● **HOW TO COMPLETE THIS TASK**
Type the listing below out again exactly. No images.

● **DATA SECTION**
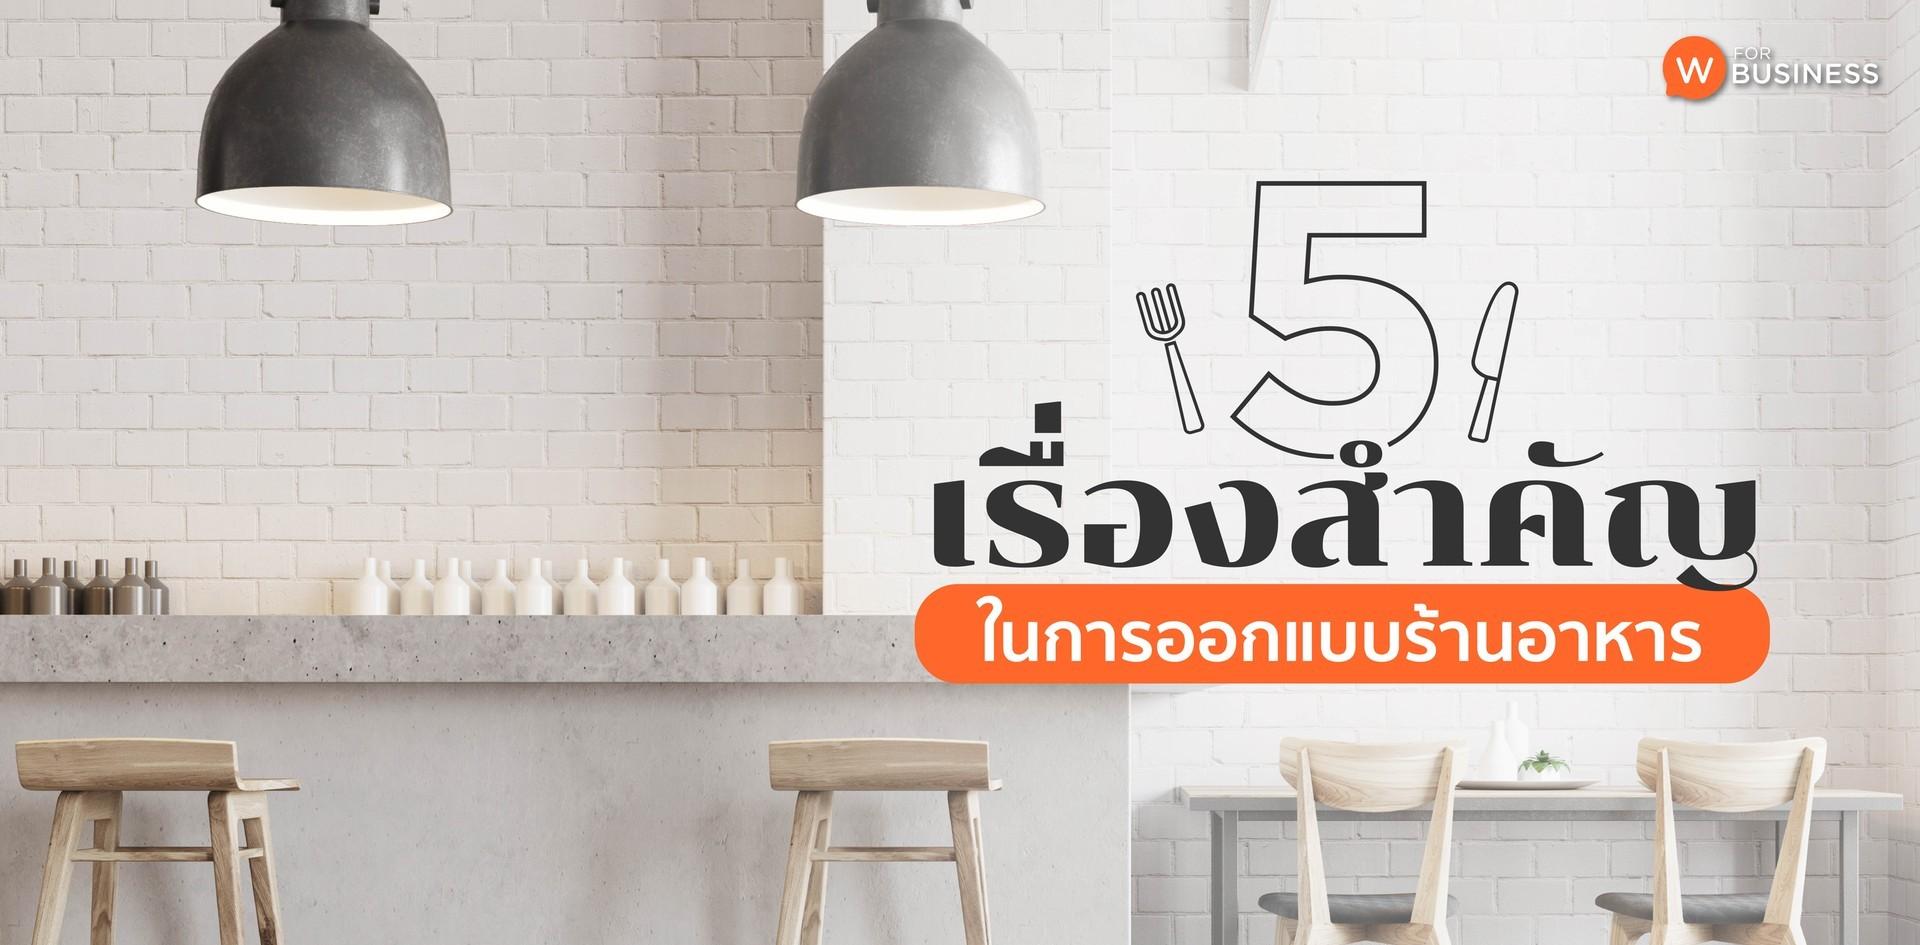 5 เรื่องสำคัญในการออกแบบร้านอาหาร
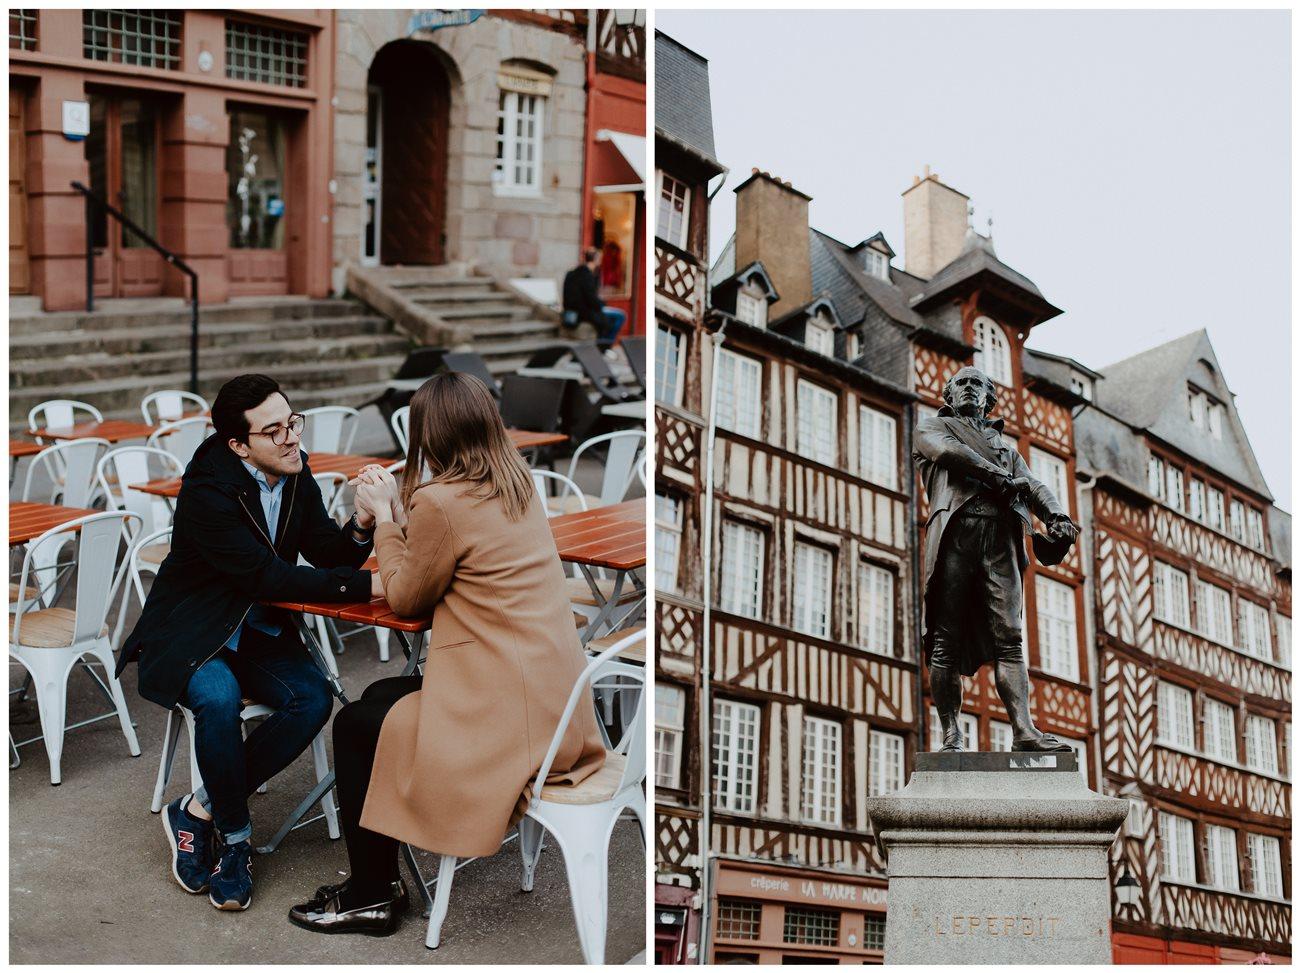 seance engagement couple en terasse main dans la main Rennes place du champ jacquet
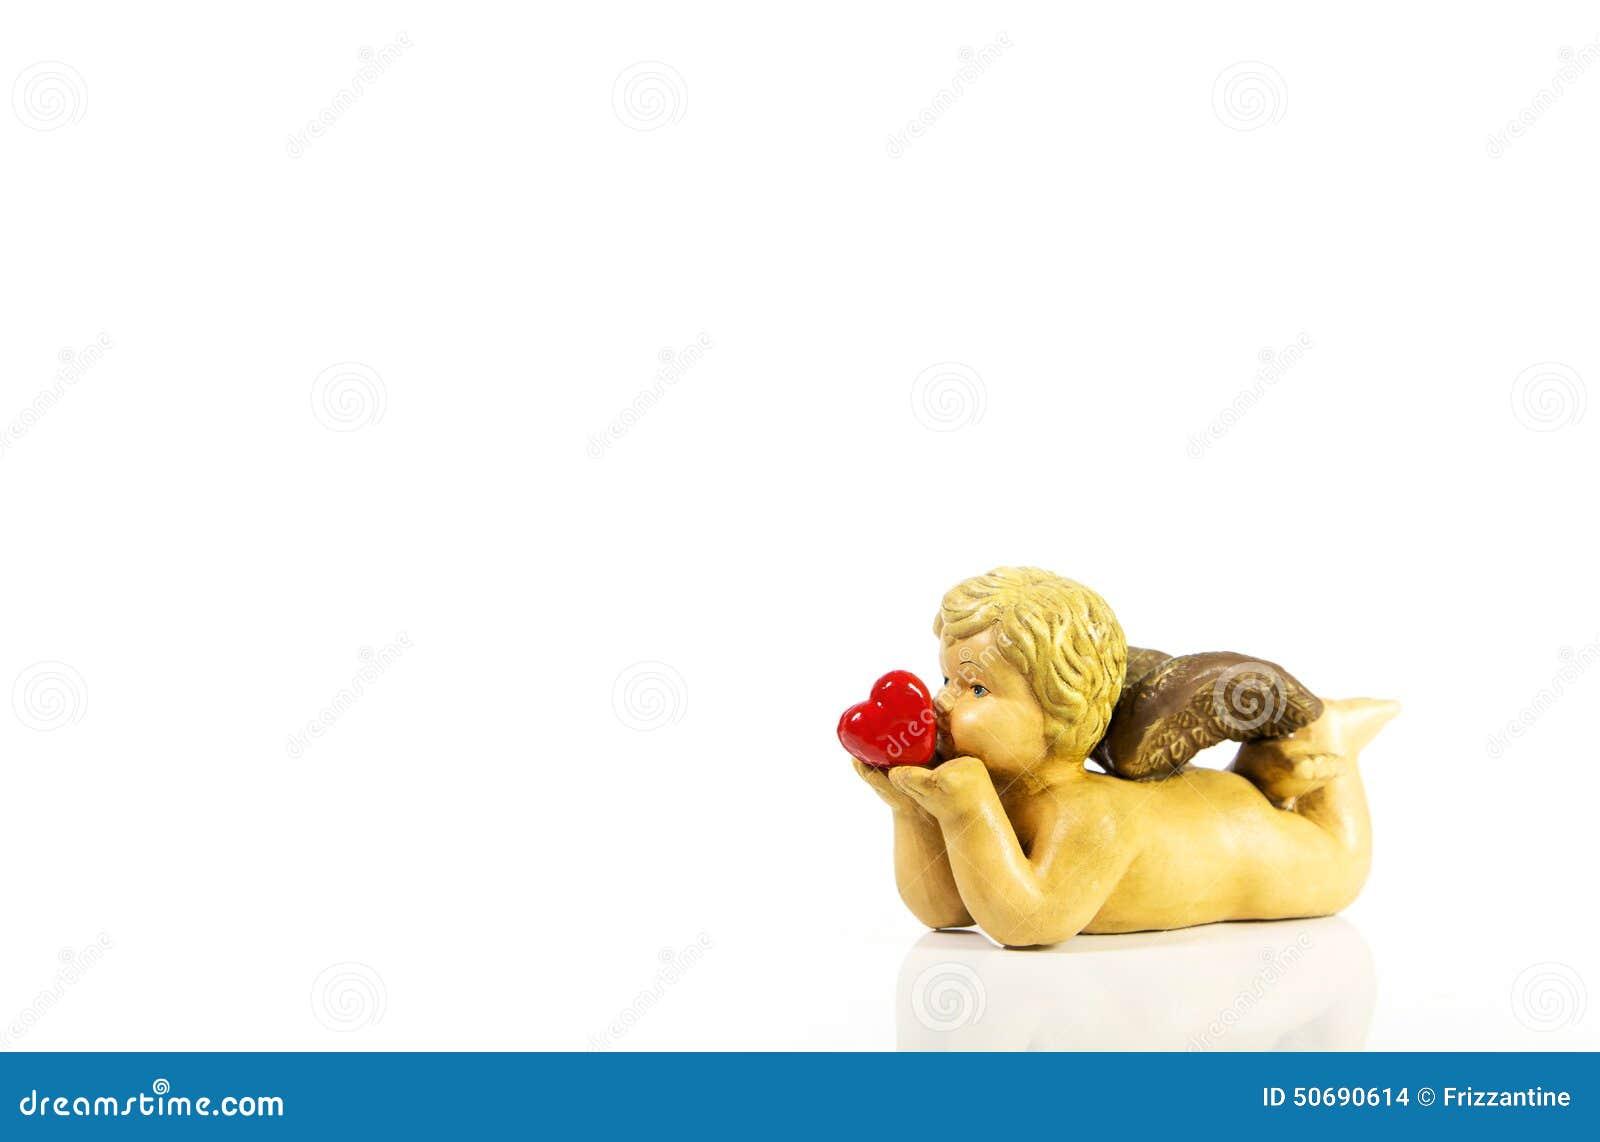 Download 被隔绝的逗人喜爱的婴孩天使在他的手上的拿着红色心脏 库存照片. 图片 包括有 逗人喜爱, 华伦泰, 感觉 - 50690614

● **WRITTEN ANSWER**
 5 เรื่องสำคัญในการออกแบบร้านอาหาร
 seance engagement couple en terasse main dans la main Rennes place du champ jacquet
 Download 被隔绝的逗人喜爱的婴孩天使在他的手上的拿着红色心脏 库存照片. 图片 包括有 逗人喜爱, 华伦泰, 感觉 - 50690614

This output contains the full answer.